Mr. Cheney could open the meeting with his low growl by telling the Sunnis: "Look, you guys don't want to compromise, fine. Then we'll just leave you to the tender mercies of the Shiites, who vastly outnumber you."

To the Shiites: "You want to rule Iraq and control the oil without real regard to the Sunnis? Well, you're going to rule over nothing but a boiling pot, unless you compromise."

And to the Kurds he could say: "You've behaved most responsibly. Stick with it. If Iraq falls apart, we will make sure you're taken care of. We won't ignore the fact that you've built an impressively decent, democratizing society in your region."

After getting their attention, Mr. Cheney could start cracking heads on the key issues:

First, the Shiite alliance has to come up with a new candidate for prime minister, acceptable to all parties.

Second, the constitution has to be revised so the Sunnis do not feel that the Kurds and Shiites are breaking off their own chunks of Iraq, along with their oil resources.

Third, the Sunnis need to produce a credible plan for ending their insurgency.

Fourth, the parties have to agree on an inner cabinet, with ministers from each community, which will make all key decisions in coordination with the new prime minister.

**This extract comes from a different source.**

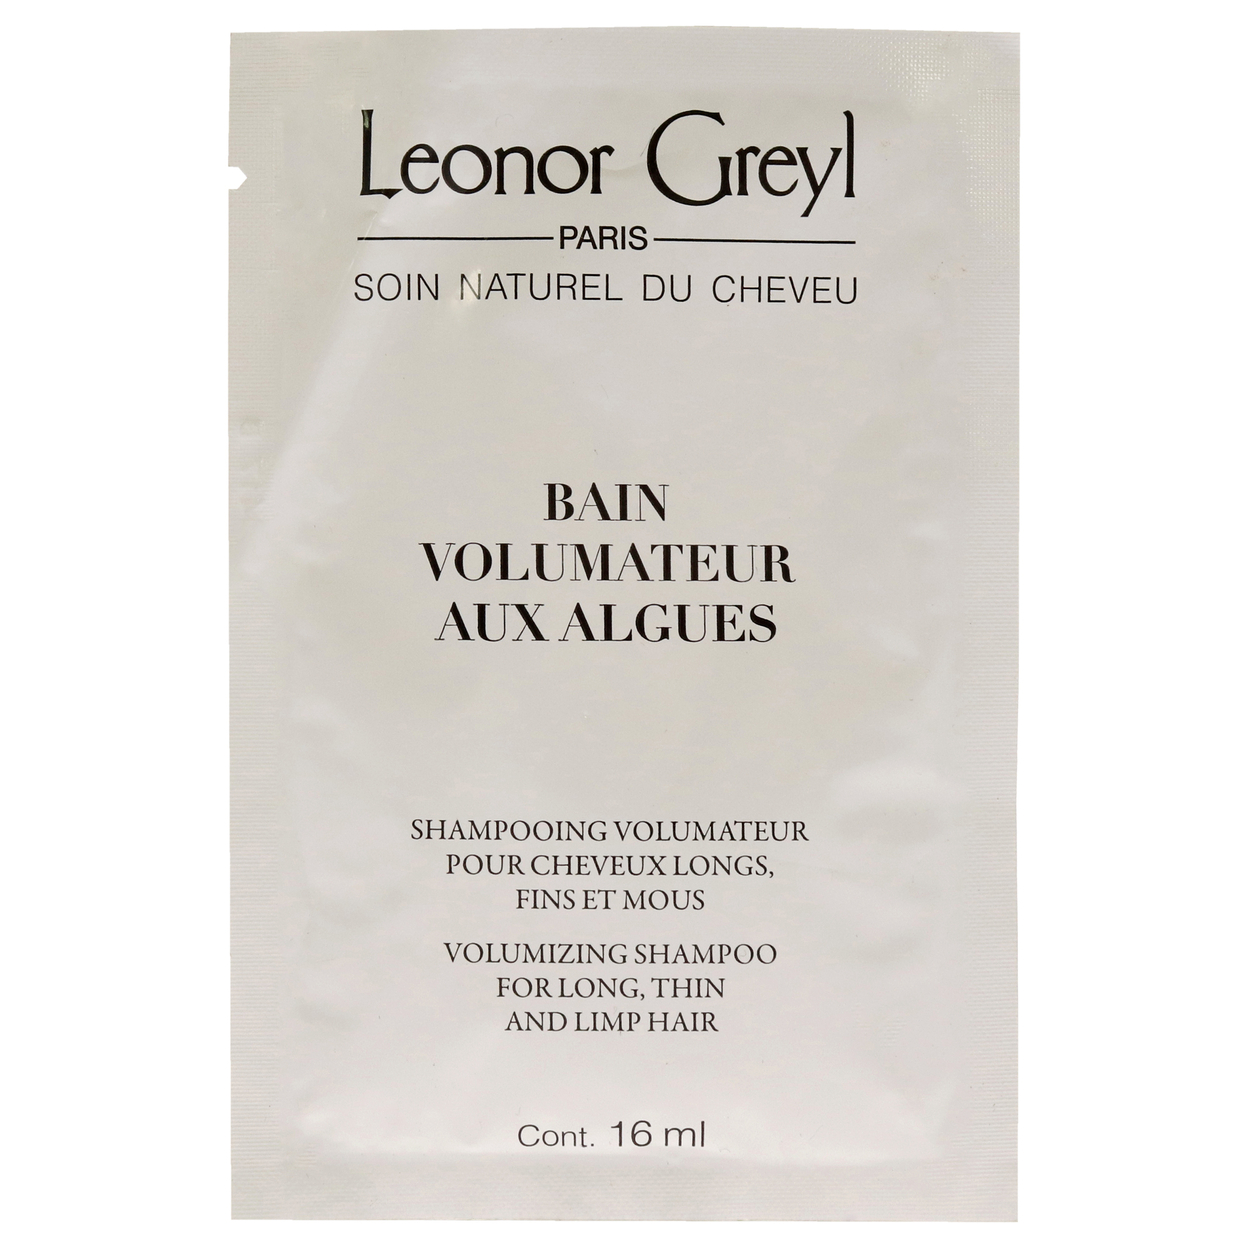 Leonor Greyl Bain Volumateur Aux Algues Shampoo 0.54 Oz

Fifth, this inner cabinet has to draw up a plan for governing Iraq from the center — and not from any one faction.

Mr. Cheney could then conclude: "Read my lips — these are the minimum requirements for a decent government in Iraq. If Iraqis step up, Americans will want to stick it out. If Iraqis won't step up, Americans will want to step out. The American people are ready to midwife your democracy, but not to baby-sit your civil war."

Mr. Cheney, this is your Kodak moment. Iraqis are notoriously difficult and fractious. You've got the time and the mean streak to deal with them. They'll get serious if you're in the room. But just in case, bring along your shotgun. This is a good job for someone with bad aim.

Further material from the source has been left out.